The wild‚ wild Western Cape - where poachers are robbed by gangsters

23 August 2017 - 12:42
By Aron Hyman
Police raided a house in Blackheath and found 32,000 abalone being processed, after a tipoff by community members.  File photo.
Image: SAPS Police raided a house in Blackheath and found 32,000 abalone being processed, after a tipoff by community members. File photo.

Two men were arrested on Tuesday evening in Cape Town in a R10-million abalone bust.

Community members tipped off police about a poaching operation and officers who raided a house in Blackheath found 32,000 abalone being processed.

“The men‚ aged 24 and 31 years‚ were arrested and once charged the suspects will appear in the Blue Downs Magistrates' court on [Friday]‚” said police spokesman Sergeant Noloyiso Rwexana.

A source at the Department of Agriculture‚ Forestry‚ and Fisheries said the abalone were being dried at the “illegal fish-processing establishment” to make them easier to ship to eastern Asia. Once the abalone arrives at their destination they are rehydrated in fresh water for eight hours.

The source said poaching in the Western Cape is so rampant that between 800 and 1‚000 divers harvest abalone between the coastal communities of Rooi-Els and Die Dam every day.

South Africa
R2.4m abalone seized in Cape Town raid
6 years ago

Abalone is an endangered species due to decades of overfishing. This has decimated the stocks of the mollusc‚ which is considered a delicacy in countries such as China.

The source said poachers were extremely wasteful‚ even poaching abalone the size of a 10c coin. “It’s absolute chaos. There are a few guys that still want to do the [anti-poaching] job and other people just take their pay and that’s all‚” he said.

He claimed intimidation and corruption are rife among officials tasked with anti-poaching operations.

On the stretch of coast between Rooi-Els and Kleinmond‚ he said‚ there could be as many as 150 poachers a day with only eight officials on patrol.

Divers would go out together in the afternoon to swamp officials‚ who can only attend to one or two reports at a time.

The 28s gang was involved in the abalone trade now and often robbed poachers of their haul if a “protection fee” was not paid‚ he said.

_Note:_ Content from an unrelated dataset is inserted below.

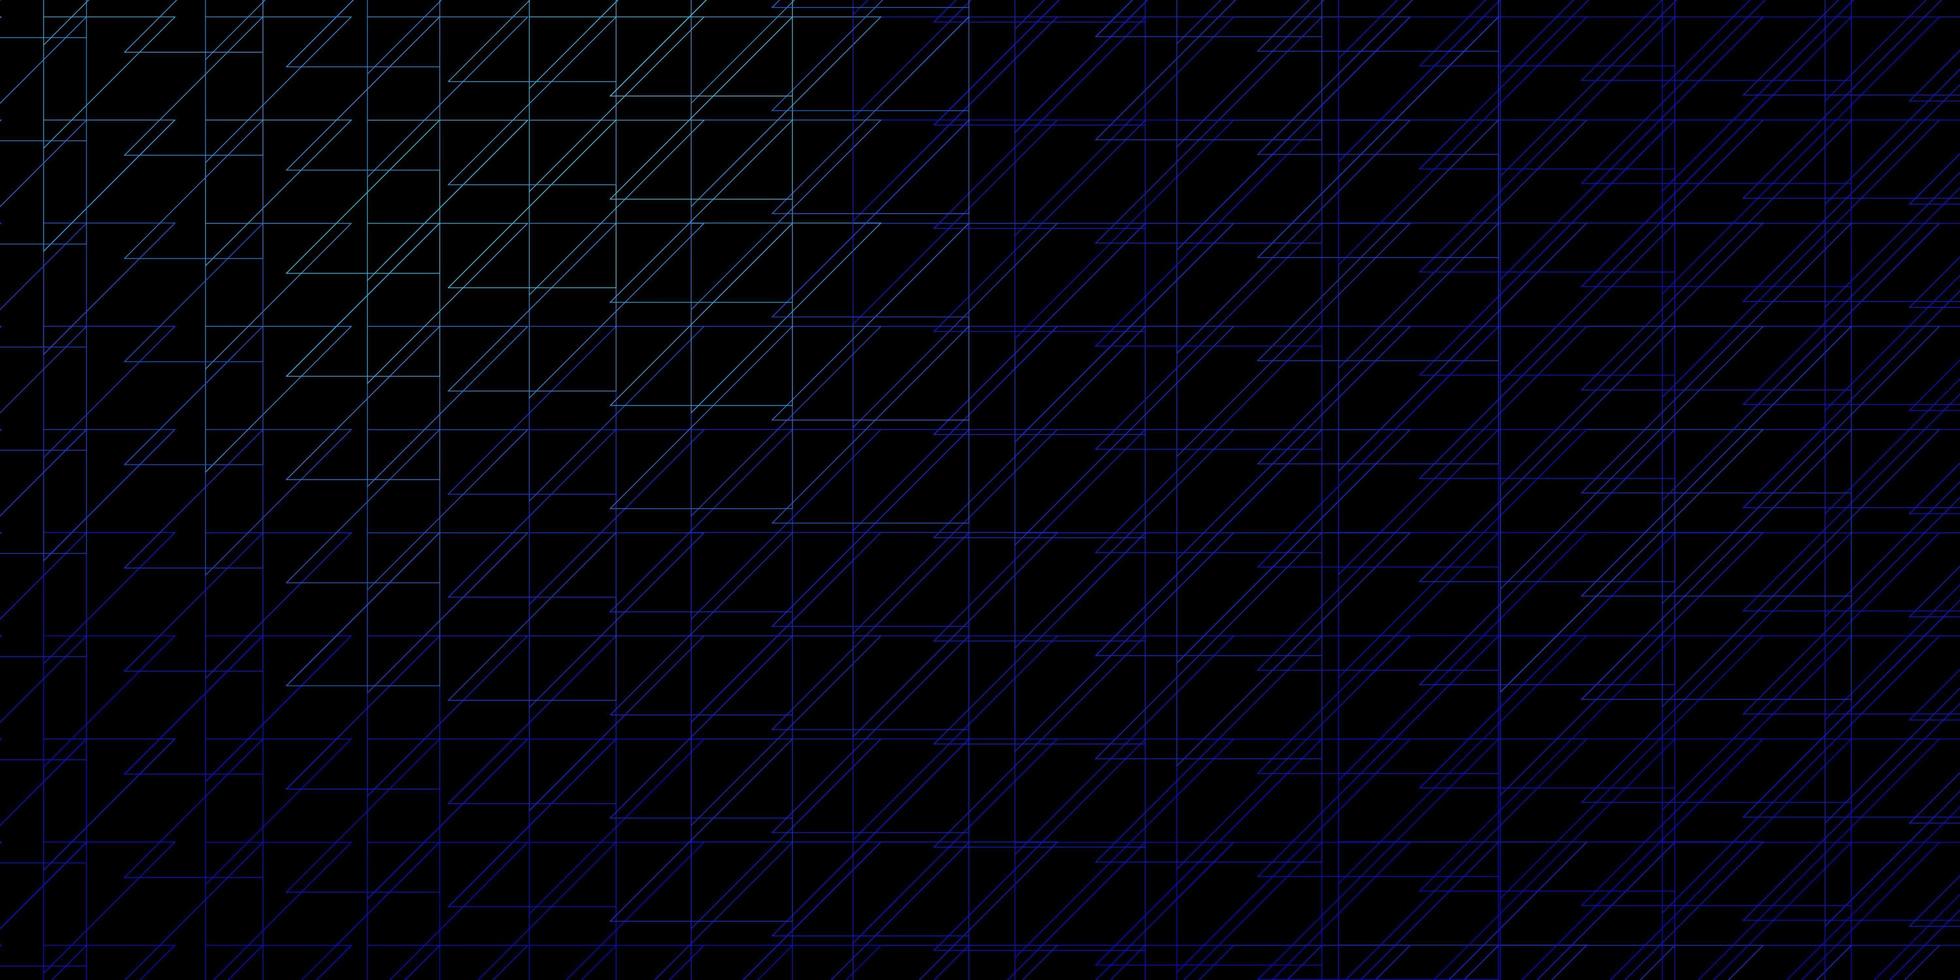 dunkelblaue Vektortextur mit Linien. vektor

“The divers are armed‚ but it’s more to protect the abalone from the other guys who are trying to rob them‚ because the 28s gang rob the guys.

“The last five cars [transporting abalone] which we caught here on the N2 all had firearms with them‚ they all had .45 calibre and 9mm handguns with the serial numbers filed off.”

Daff has been criticised for making money from the sale of confiscated abalone and the South African Revenue Service admitted to the Western Cape legislature that it does not know what happens to the money made at auctions.

Beverley Schäfer‚ chairman of the legislature's standing committee on economic opportunities‚ tourism and agriculture‚ accused Daff of being complicit in poaching because up to 50% of the Marine and Coastal Management budget comes from the sale of confiscated abalone.

“This could lead to MCM having a direct interest in maintaining the illegal abalone poaching‚" said Schäfer.